Kickstarter announced Tuesday that it will hire board game designer and publisher John Ritter-Roderick as its new director of games. Ritter-Roderick has been with the company since 2020, serving as Senior Outreach Lead for Tabletop. he is best known to forceBeautifully appointed strategy game. He will be joined by Nicole Amato, who will replace him as the game outreach lead.
“Back in 2015 we ran our first game [on Kickstarter],’ Ritter-Roderick said in an interview. “I said, ‘What the hell, why not try this game and see what happens?’ And I made a lot of mistakes, gave advice to people, and then slowly over the years my advice got better. And then came the job opportunity at Kickstarter. It was a place where I would probably accept a full-time job, and I was like, this seems like the right fit. So it does.”
Ritter-Roderick said he sees his role as an ambassador at Kickstarter, and during our conversation he emphasized that his most important duty is to open and direct communication with the creators who bring their projects to life. hoping to bring in.
“My goal at Kickstarter is to spread the knowledge I have and if I don’t have the knowledge, to get people in touch with them,” he said. “My hope is to make sure people are as informed as humanly possible, and that will help them be as successful as possible.”
Left, John Ritter-Roderick. Okay, Nicole Amato. Image: Kickstarter
Ritter-Roderick enters a state of affairs during turbulent times for the crowdfunding giant. Kickstarter sparked controversy in 2021 when former CEO Aziz Hasan indicated that the company was moving towards blockchain technology. The company has slowed but not stopped that transition, leading to a number of high-profile departures from the platform — including Cephalophere Games, publisher of the hit board game. glomhaven, We asked Ritter-Roderick if he’d be interested in convincing tabletop makers that the controversial Web3 technology would be beneficial to them. he refuses.
“I don’t think it’s my role to explain anything to the industry [about blockchain],” he said. “I think I am here to be an advocate for the industry. That’s why I know that I and Kickstarter are dedicated to just making the platform better so that the creators [can] Bring their projects to life. Exactly how it’s going to happen, I don’t know, because it’s too far away. But I think the communication from Kickstarter needs to be clear and concise when this happens. ,
Before any transition to blockchain, Ritter-Roderick said it is more important that the Kickstarter platform is meeting the needs of creators. Its most important value addition, he said, is the audience only who is able to reach. Creators are free to engage with that audience as they see fit — even that means offering pre-orders on Kickstarter and handling fulfillment through another platform. The same strategy has been recently employed by Wyrmwood. Its modular gaming table earned nearly $9 million via Kickstarter in 2020. Its latest campaign does not offer any kind of trading. The company is instead using Kickstarter access to sell locations in the line to buy its next product, the Game Master Screen, which it will sell on Backerkit.
“People have to do what’s best for them,” Ritter-Roderick said. “There is definitely value in a bigger campaign on Kickstarter – the more exposure, the higher in the type, the more articles talking about it. […] Do you want that much exposure? A lot of people like Wirmwood are like, ‘No, we don’t need that. We don’t want it.’ Okay. […] It’s our tool, and they can use it however they want.”

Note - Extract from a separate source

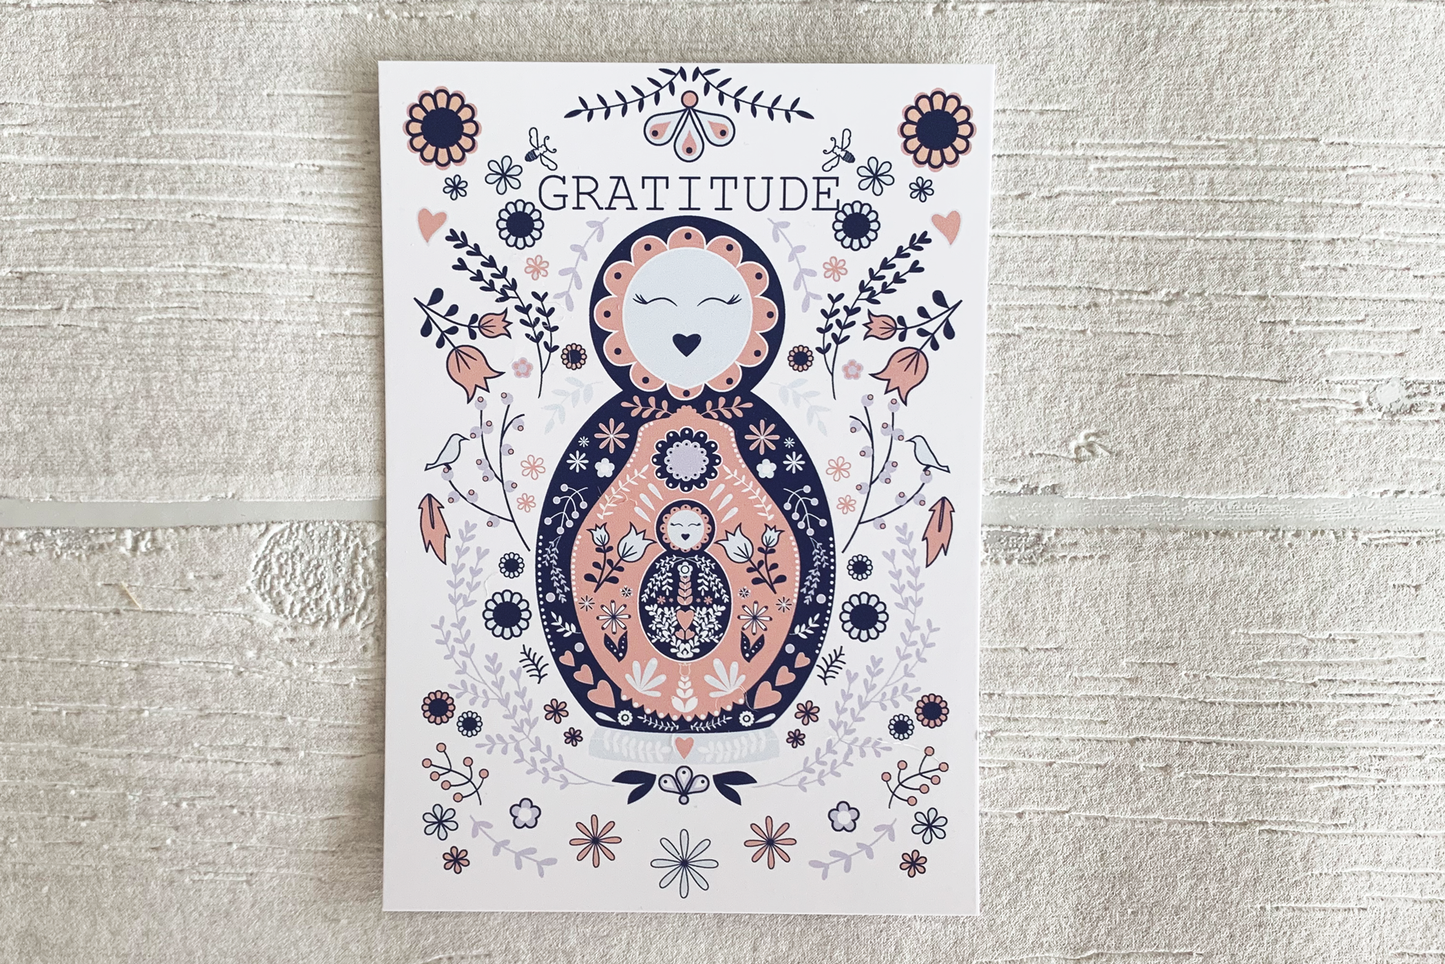 "Gratitude" Mantra Card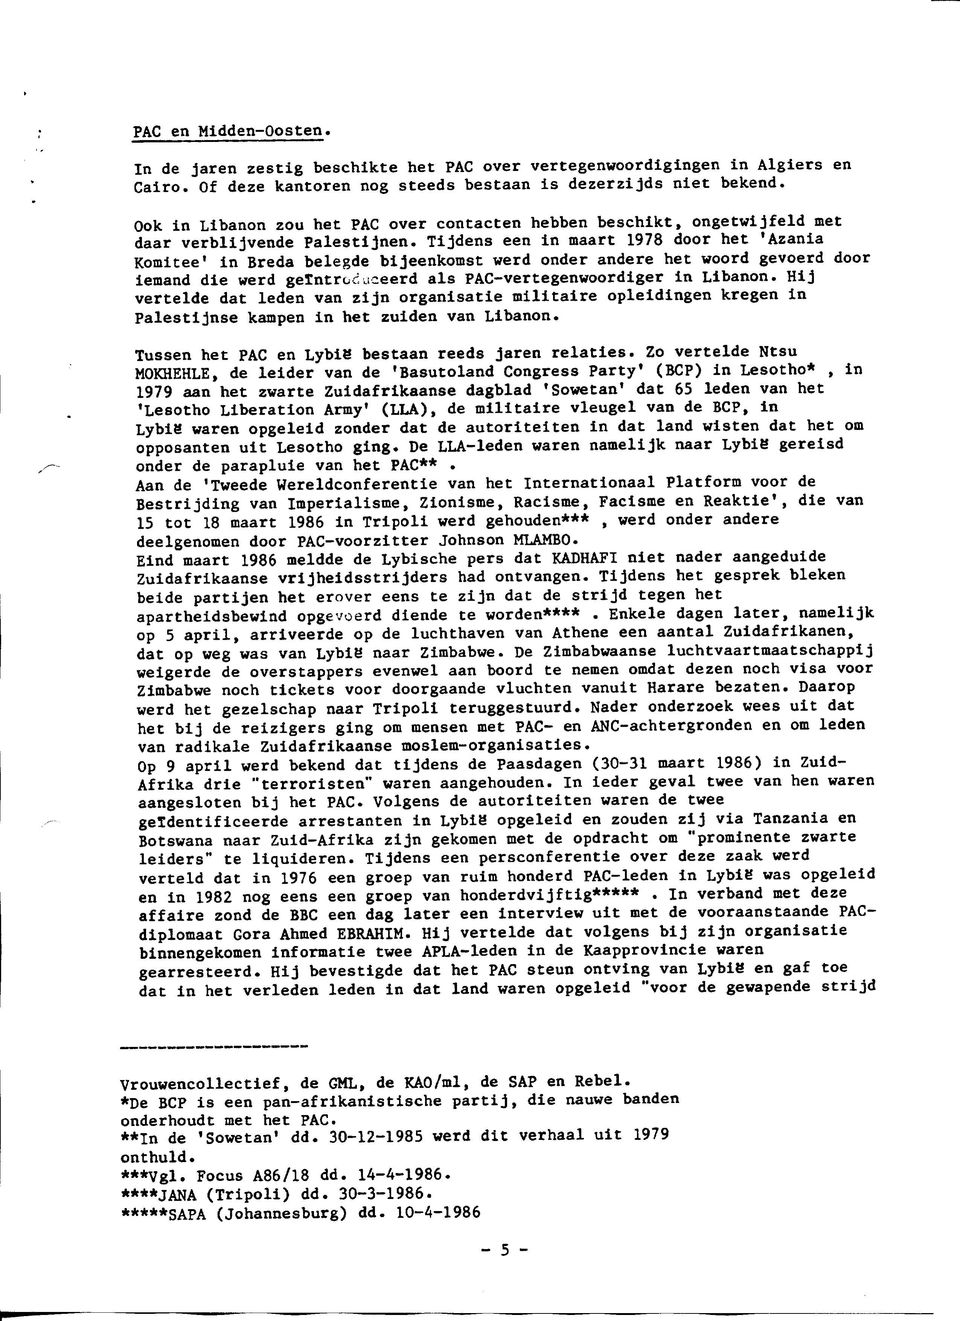 Tijdens een in maart 1978 door het 'Azania Komitee' in Breda belegde bijeenkomst werd onder andere het woord gevoerd door iemand die werd geïntroduceerd als PAC-vertegenwoordiger in Libanon.

Ritter-Roderick also noted that he is not paid on commission, and that the company’s bottom line is too low for him professionally. The same is true, he said, of Kickstarter more broadly, which, unlike other companies in the crowdfunding space, is a public benefit corporation. Doing the public good is set forth in the company’s founding principles.
“As a PBC, we can focus more on that life-to-life aspect and less about maximizing profits,” Ritter-Roderick said. “We are not publishers. […] Our charter is about bringing these projects to life. It is not about maximizing profits. So taking the knowledge that I had earlier, and then making sure that people still know that I am the same person. I’m still the creator who started on Kickstarter and am so grateful to be here for a number of reasons, and then I can pass it on to the next generation of creators to like. ,
Ritter-Roderick also said that he sees tabletop games, including board games and role-playing games, remain a core element of Kickstarter’s business. This category accounts for more than 30 per cent of the company’s annual revenue from crowdfunding.
“I think people write” [tabletop] Game a little early,” he said. “And I think one thing that I really look forward to over the next, like, three or five years people recognize that games are very much in the board game entertainment industry, as much as video games, movies, TV. And I think that [that with] With the upcoming release of the D&D movie, people are going to start seeing things unlike the transition from board games to movies.